Ojciec zwrócił się do drugiego
i powiedział to samo.
Ten odparł: „Nie chcę”.
Później jednak opamiętał się i poszedł.
Bardzo wyraźnie sformułowana odmowa. Nie chcę. Ujawnia się więc wola jako negująca gotowość czynienia czegokolwiek po myśli ojca. Też nie wiemy, jakie motywy stały za tego rodzaju odpowiedzią.
Mocna jest jednak sama czysta negacja woli ojca. Następuje jednak opamiętanie, czyli zmiana podjętej decyzji. W konsekwencji wypełnienie woli ojca.
Odniesienie do grzeszników i ludzi kultu religijnego
Jezus opowiadając tę przypowieść ma na myśli dwie grupy ludzi. Z jednej strony grzeszników (Celników i nierządnice) a z drugiej arcykapłanów i starszych ludu. Wszystko dzieje się w ostatnich dniach przed Męką Jezusa. Dzieje się w świątyni. Dzieje się po uroczystym wjeździe Jezusa do Jerozolimy i po wypędzeniu przekupniów ze świątyni. Ma wtedy też wymowne wydarzenie z uschłym drzewem figowym.
Wtedy to Jezus – na pytanie arcykapłanów i starszych ludu o władzę, na podstawie której czyni to wszystko – zapytał ich o chrzest janowy. Czy ten chrzest był na polecenie z nieba czy od ludzi. Starsi ludu, nie chcą wejść w tarapaty w tłumaczeniu swej opinii, powiedzieli, że nie wiedzą. Jezus wówczas opowiedział, że na ich pytanie też im nie odpowie. Powiedział im jednak tę wymowną przypowieść. Zakończył ją konkretnym odniesieniem:
Zaprawdę, powiadam wam:
Celnicy i nierządnice wchodzą przed wami do królestwa niebieskiego.Przyszedł bowiem do was Jan drogą sprawiedliwości,
a wy mu nie uwierzyliście.
Uwierzyli mu zaś celnicy i nierządnice.Wy patrzyliście na to,
ale nawet później nie opamiętaliście się, żeby mu uwierzyć.

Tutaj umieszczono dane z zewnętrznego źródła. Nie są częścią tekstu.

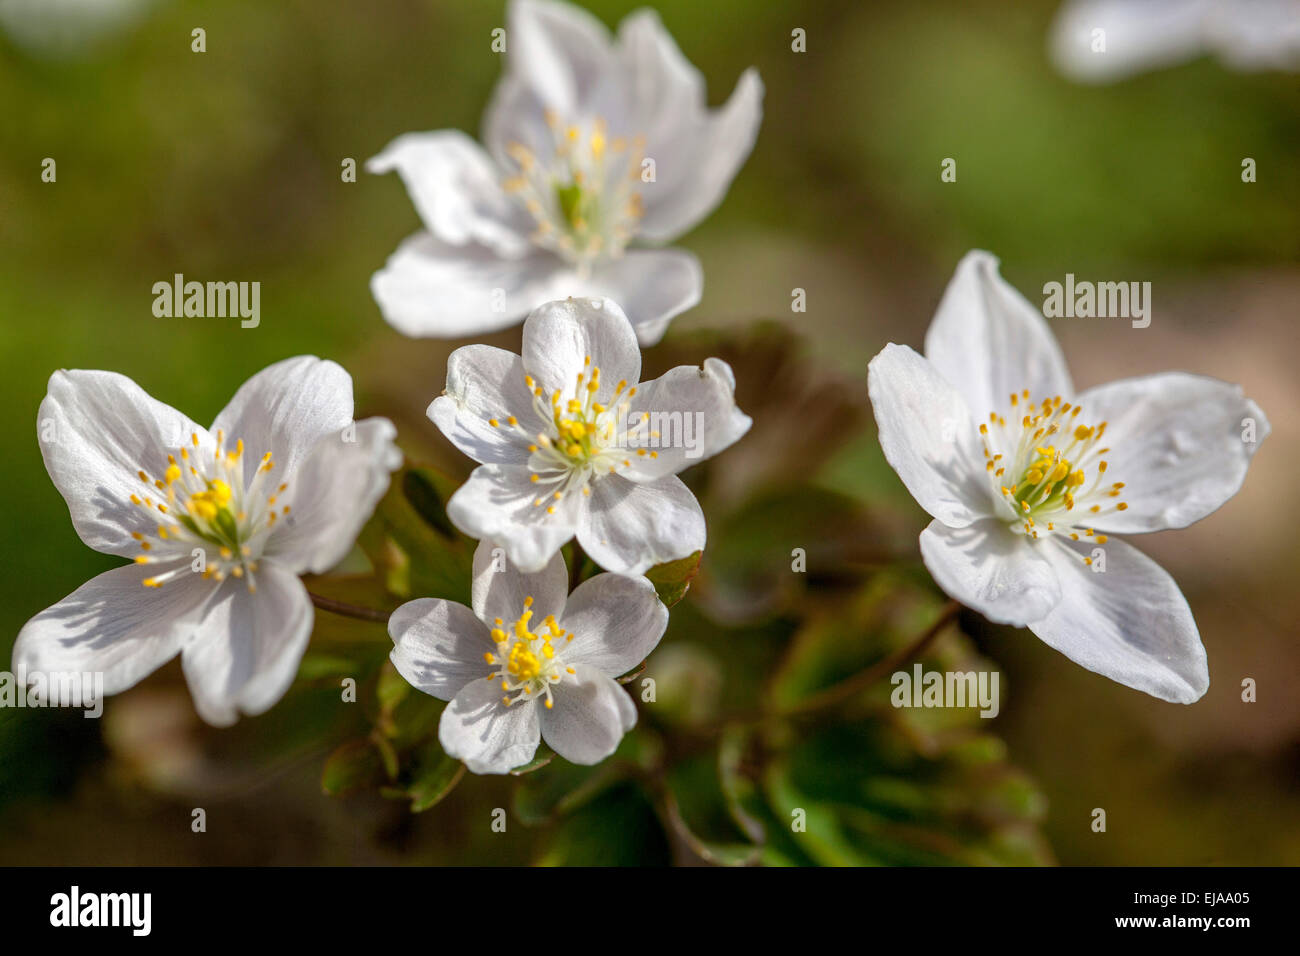 Falso rue anemone Isopyrum thalictroides Foto Stock
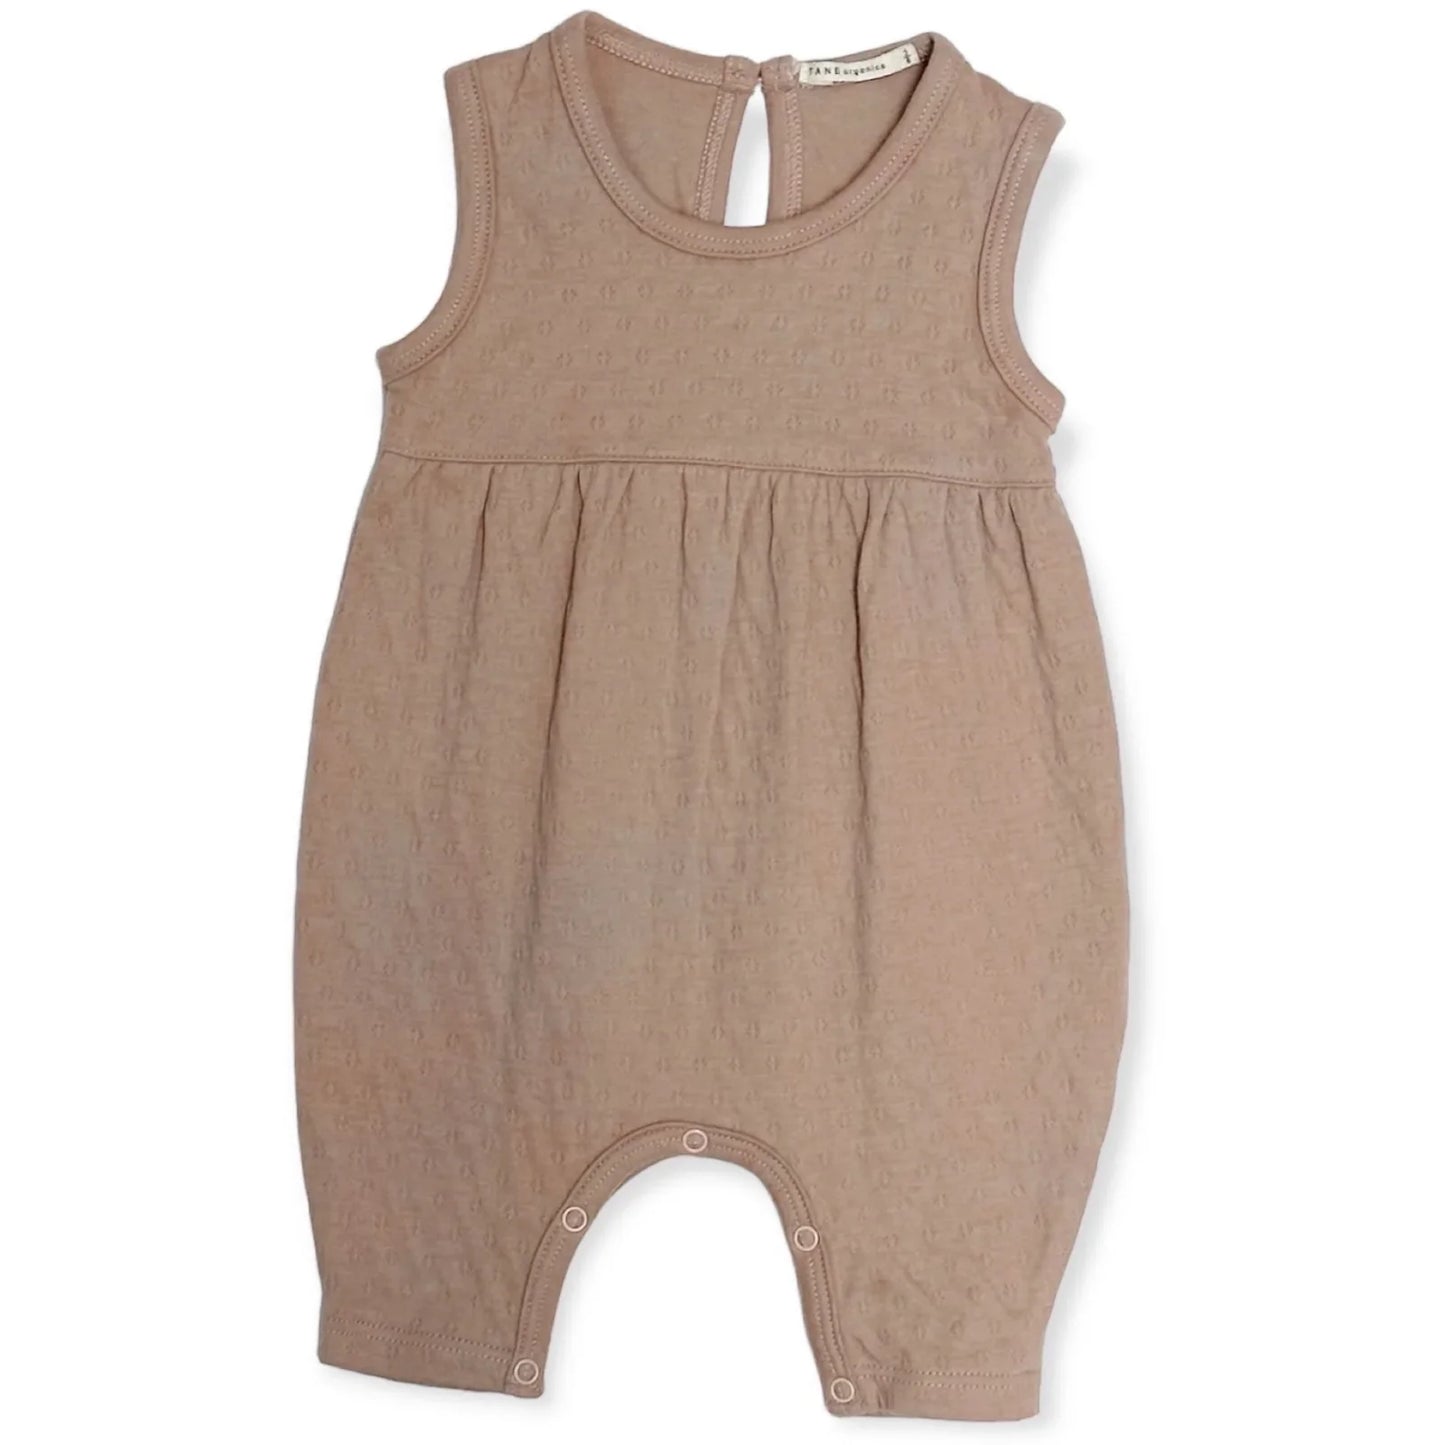 Tane Organics pointelle bubble coverall in dusk

Syn Człowieczy, który wziął na siebie ludzkie „NIE” i wypełnił wolę Ojca
Jezus, który wypowiada te słowa, wkrótce zostanie ukrzyżowany między złoczyńcami. On już w czasie swojej publicznej działalności był określany różnymi epitetami, które zrównywały Go z najgorszymi. Mówiono o nim, że jest grzesznikiem a także przyjacielem grzeszników i celników. Przypisywano mu nawet, że czyni cuda mocą Belzebuba.
Jezus był więc w oczach wielu Mu współczesnych, zwłaszcza przywódców ludu, jakby zrównany z tym synem, który ojcu powiedział swoje „NIE”. Naturalnie Jezus nie potrzebował czasu na opamiętanie. On o początku przyszedł, by pełnić Wolę Ojca. Jednak ci wszyscy, którzy mieli swój obraz Boga, uważali Go za „niewiernego” i przekraczającego Boże przykazania.
Jednak to właśnie Jezus jako ten, który
w zewnętrznej postaci był uznany za człowieka,
uniżył samego siebie,
stając się posłusznym aż do śmierci
– i to śmierci krzyżowej.
To właśnie On wypełnił wszystko, co było wolą Ojca. Uczynił to dla wszystkich, którzy tego nie rozumieli. Uczynił to po to, aby wszyscy mogli przeżywać swoje nawrócenie. Jest to przedziwna tajemnica.
Jak to rozumieć?
Mamy oto zestawienie: z jednej strony wiarę celników i nierządnic, dzięki której wobec wezwania Jana Chrzciciela wchodzili do królestwa niebieskiego. Z drugiej zaś „praktykujących religijność” przywódców ludu, którzy nie uznali tego faktu skuteczności przepowiadania Jana Chrzciciela, mimo że działo się to na ich oczach, i w konsekwencji ich brak opamiętania się, by uwierzyć.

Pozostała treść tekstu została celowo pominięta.